Friday, July 25, 2008

Blind Flights Again

IS it possible that the Federal Government did not hear about the power outage at the Murtala Muhammed Airport , Lagos that knocked off the radars and reduced air traffic control to guesswork? If government heard, it did not consider the matter of significant importance hence its silence.
Right in the midst of the Senate’s probes of the management of the aviation sector in the past eight years and a court trial of some of those involved, planes were landing in Lagos without the most elementary navigational aids last week.

There was no alarm. Nigerian pilots are used to blind flights. There were no crashes too. Is this the attitude of the government that will lead Nigeria to be one of the top 20 economies in the next 12 years? This extent of disinterestedness simply boggles the mind.

Nigeria daily acts as if it has a covenant with primitiveness. Apparently, it is nothing to be ashamed of, as we trumpet our readiness to be a world leader in 2020. It is stultifying.

Less ambitious countries are doing better. How can a country’s prime airport run for hours without electricity, without radars? There are no queries because the authorities know they are guilty of similar unseriousness that endangers the lives of millions of Nigerians on land, sea, air and at home.


This incident would pass like the ones before it without any remedy. Had there been an accident, the government would gleefully set up an enquiry, throw words about on how unacceptable the situation was and absentmindedly promise to punish those responsible for the disgrace.

Nigerians are sick of these pretences. Governments that care for their people do their best to protect them. They would not be carefree over issues like air safety, since they realise the importance of air travel to the economy. They would be embarrassed to witness the deaths of their citizens, whose only offence would be that they travelled by air.

The unimportance of the security of lives has long been stated.

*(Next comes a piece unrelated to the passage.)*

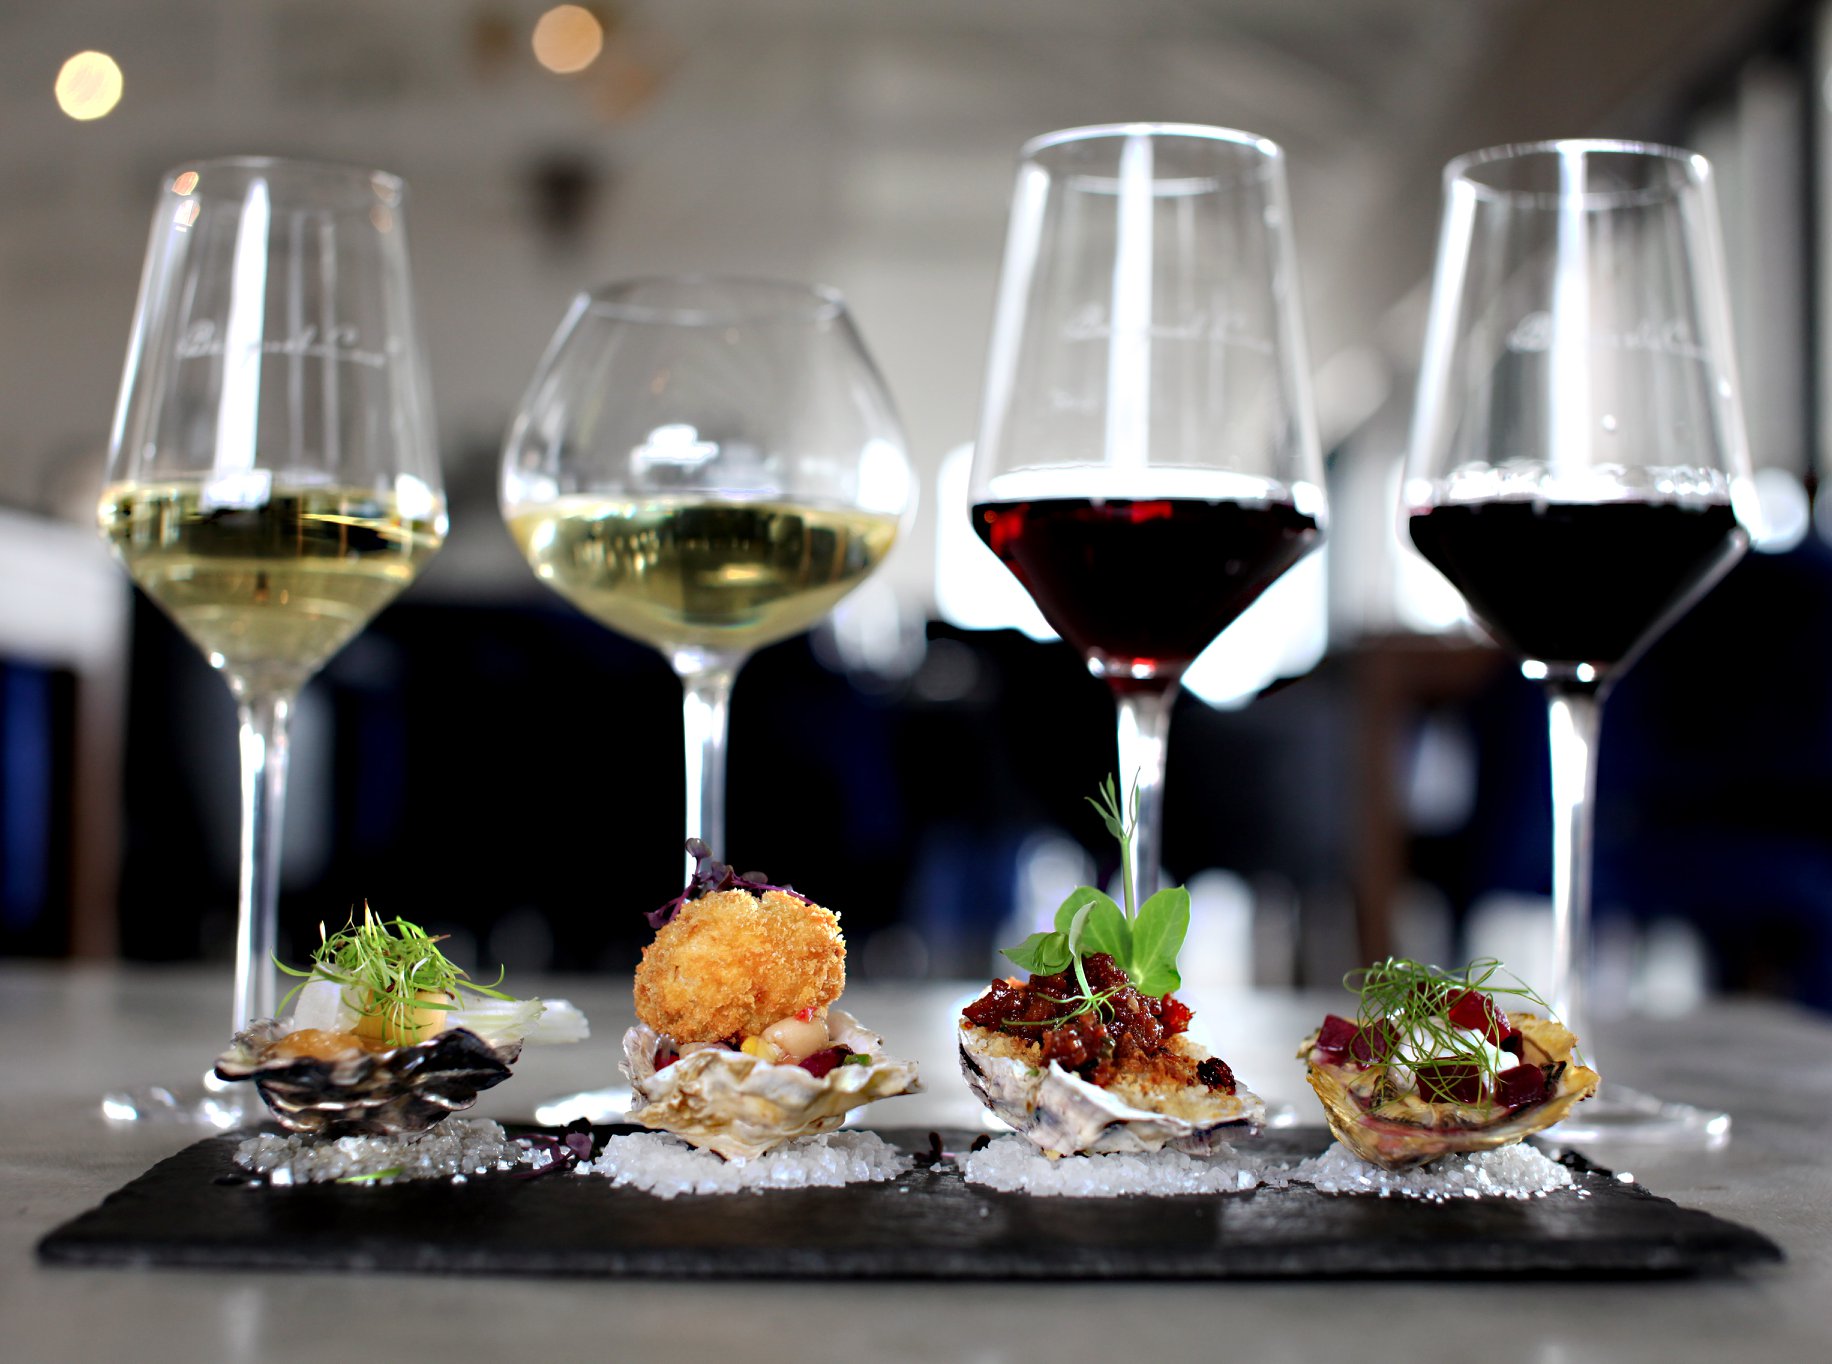 Discover the wonderful food and wine in Hemel-en-Aarde

Repairs on the runways of the airports in Lagos, Nigeria ’s busiest gateway, have not been finished after four years.

From the air, rested equipment testifies to an abandoned contract. In past five years, the Federal Government refused to fund the repairs and resorted to cosmetic measures to assure the world the runways were working.

At the height of the embarrassment, uncertainty pervaded scheduled flights to Lagos . Three years ago, management guru, Tom Peters, cancelled lectures billed for Lagos and Port Harcourt because nobody was sure if his plane could land.

What was the government’s response? It immediately amassed some diplomats on the tarmac of the Lagos airport to prove the runways were in order. The same runways are still in limbo. Today, one runway serves the local and international airports, resulting in normal delays of over 30 minutes for domestic flights, some of which last less than an hour. Who cares?

Perhaps air safety needs to be among government’s seven-point agenda to get attention.